In December 2008, the plaintiffs and the State reached a settlement.  The terms of the settlement made it clear that the State was not representing our interests.  For example, one of the terms required the State to reduce one ICF bed, for each new CILA bed.  Clearly this would have limited the options for those who wished to reside in an ICF and it exposed the State as being solely concerned with not increasing its costs in providing services to the developmentally disabled.  In July 2009, the Court held a hearing to determine the fairness of the proposed settlement.  Hundreds of Misericordia families filed objections with the Court and dozens showed up to testify at the fairness hearing.  Bill also organized families across the entire state, resulting in the Court receiving an unprecedented 2,500 objections.  On the day of the fairness hearing, the court room was jam-packed with families who objected to the settlement.  Judge Holderman patiently heard every family member who wished to speak.  Dozens spoke about the great care their loved ones received at Misericordia and other ICF/DDs and how devastating it would be if they had to move.  Judge Holderman was clearly moved by the heart-felt presentations.  After the hearing, he refused to approve the settlement.
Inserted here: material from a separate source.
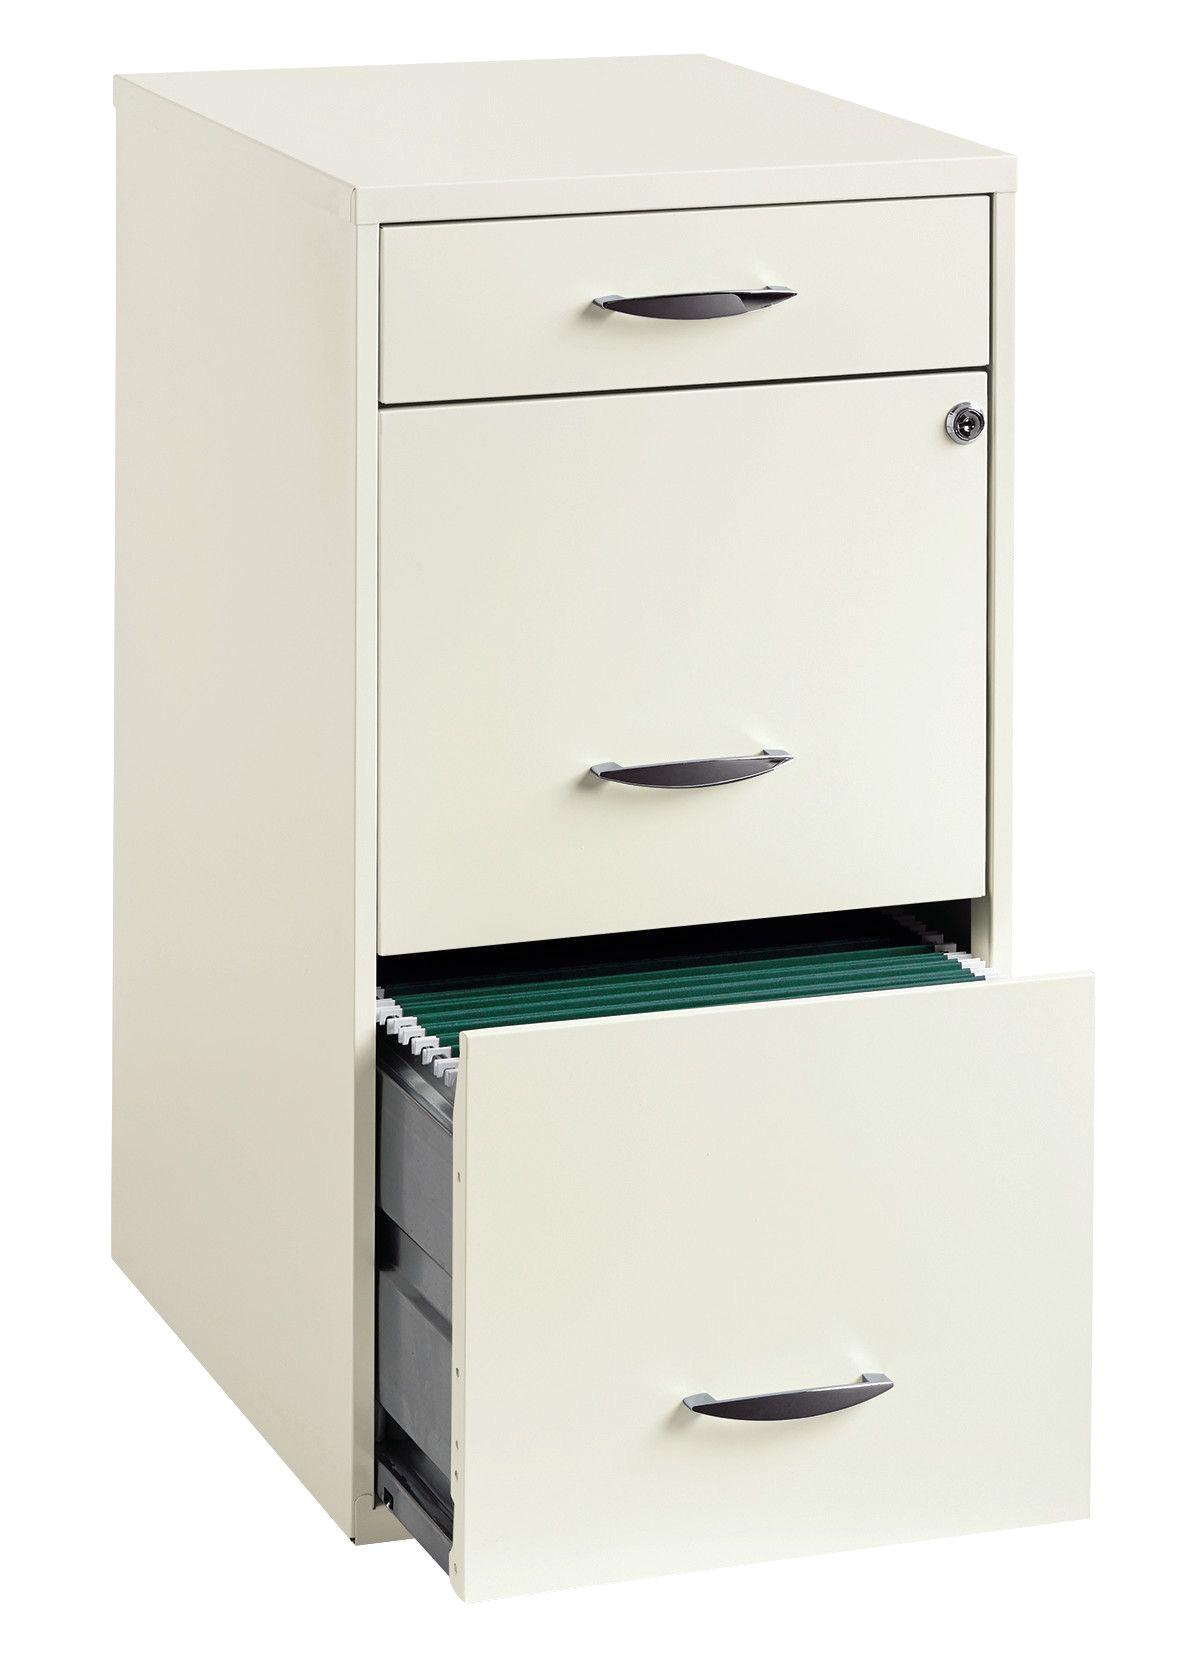 commclad steel 3 drawer filing cabinet reviews wayfair

Judge Holderman ordered the plaintiffs and the State to sit down with Bill and me and negotiate a new settlement.  He told them that he would not approve a new settlement unless Bill and I agreed to it.  Months of negotiations followed to get the plaintiffs and the State to agree to provisions protecting those who wish to live in ICF/DDs.  A new settlement was finally reached in December 2010.  In the new agreement, the State agreed to respect the residential choices of individuals with developmental disabilities, including those who choose to reside in ICF/DDs.  The State also agreed to provide the resources necessary to meet the needs of those who choose to live in ICF/DDs.  A second fairness hearing was held in June 2011, and the settlement agreement was approved.
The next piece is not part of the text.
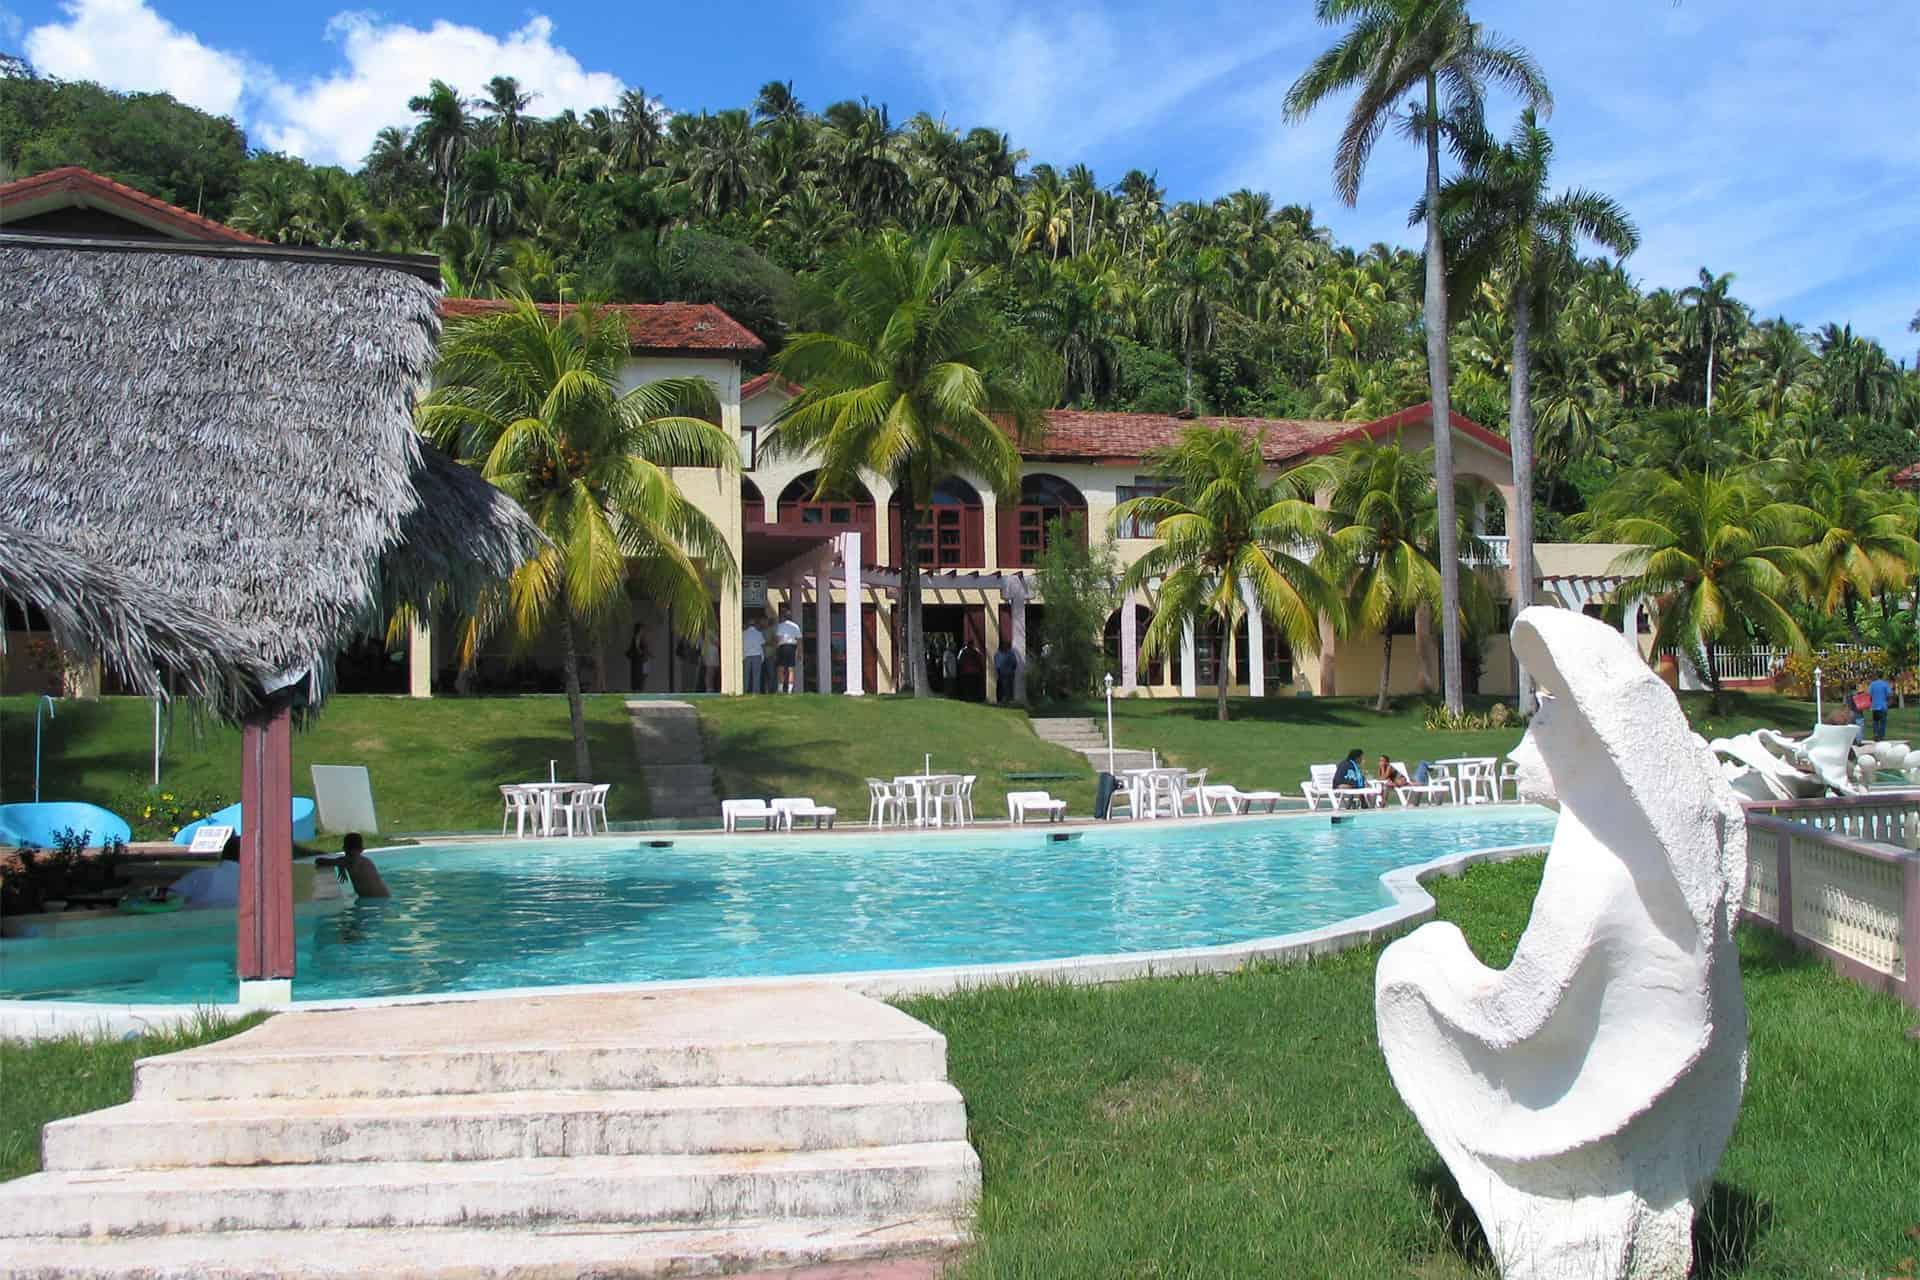 baracoa hotel piscine cuba autrement

The settlement agreement continues for nine years, until June 2020.  During this time, we, along with the plaintiffs and the court-appointed monitor are making sure that the State honors its commitments in the agreement.  As you know, the State failed to pass a budget for its fiscal year starting on July 1, 2016.  The state comptroller took the position that without a budget she could not issue checks to operators of ICF/DDs and CILAs.  Many operators were at risk of closing.  We went to court, along with the plaintiffs, this past summer to get an order requiring the comptroller to make the required payments.
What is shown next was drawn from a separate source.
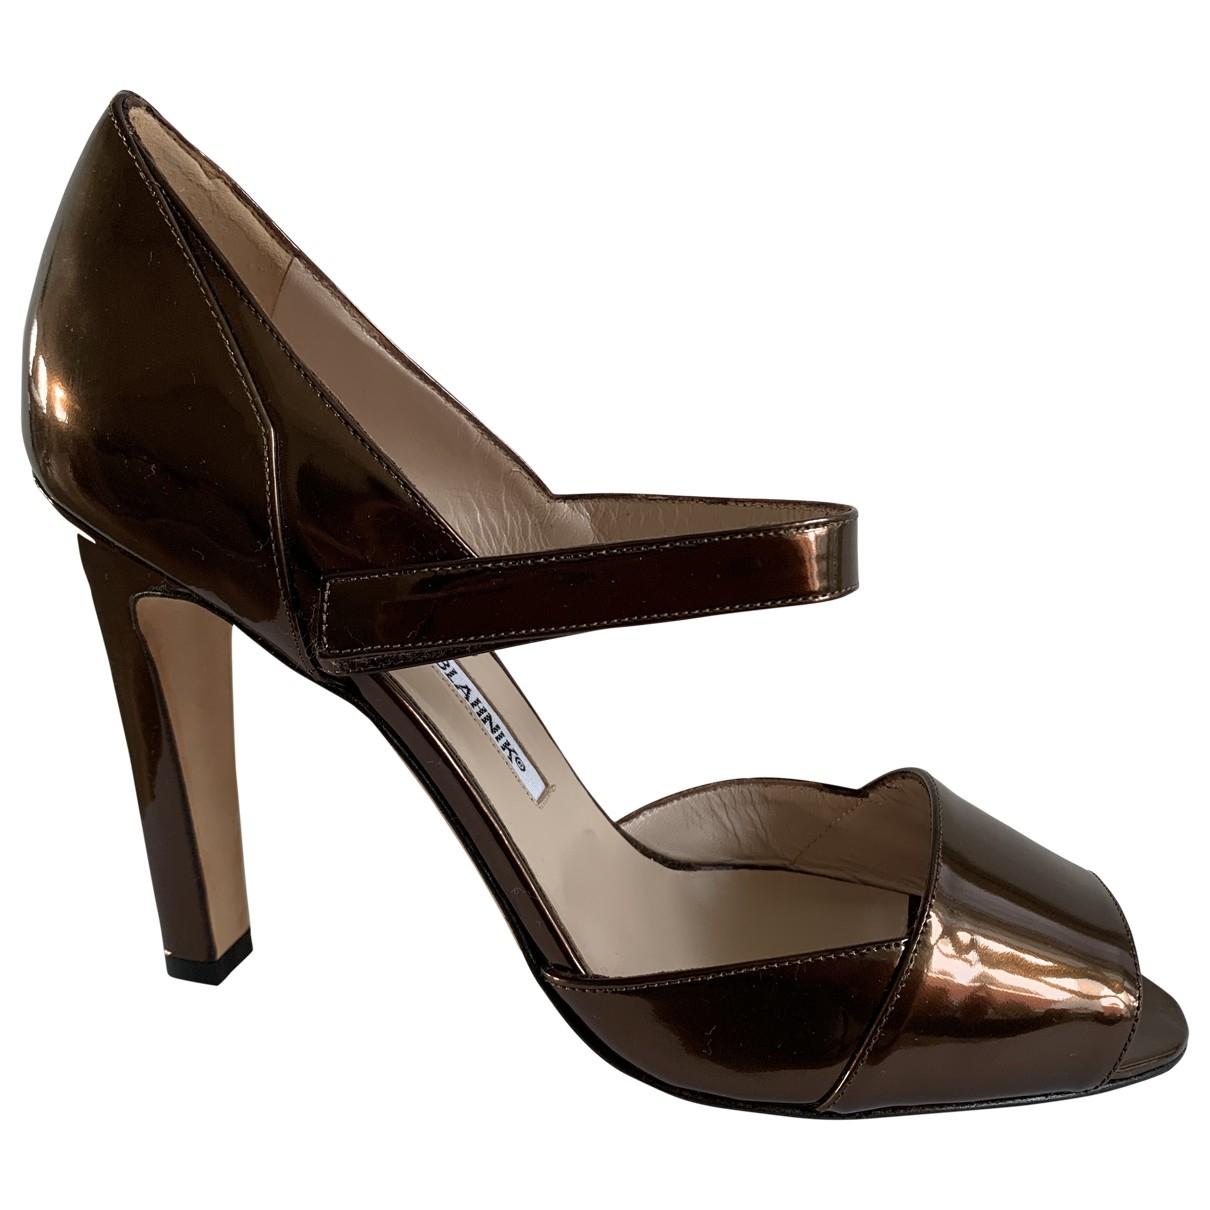 Manolo Blahnik \N Metallic Patent leather Heels for Women 38 EU

The current issue in Ligas is the State’s failure to increase the rates it pays ICFs and CILAs since March 2008.  In those eight years, costs have increased about 20%, but what the State pays Misericordia and the other providers has remained frozen.  The only way Misericordia and other providers are able to continue to meet the needs of their residents is by raising ever increasing amounts of money from family and friends.  The State, in essence, has shifted its responsibility to provide necessary resources to the families of individuals with developmental disabilities.  This is wrong and we believe that it violates the State’s obligation under the Ligas settlement agreement to provide the resources necessary to meet the needs of individuals with developmental disabilities without regard to whether they choose to live in an ICF/DD or CILA.  The court-appointed Monitor agrees with us and has found that the State is not in compliance with the settlement agreement.  We are currently meeting with the State to see if we can agree on a plan to bring the State into compliance.  The State has taken the position that it is in compliance with the agreement.  If we cannot resolve this issue, we will ask the court to do so. We may be calling on you for help, as we did back in 2010.  The testimony from families is far more effective than the arguments of lawyers.  We are working with the plaintiffs on this issue because we have a common interest in making sure that the State is providing adequate funding for all residential options.


I hope the above gives you a good sense of what Ligas is about.  I am happy to provide any additional information you may want.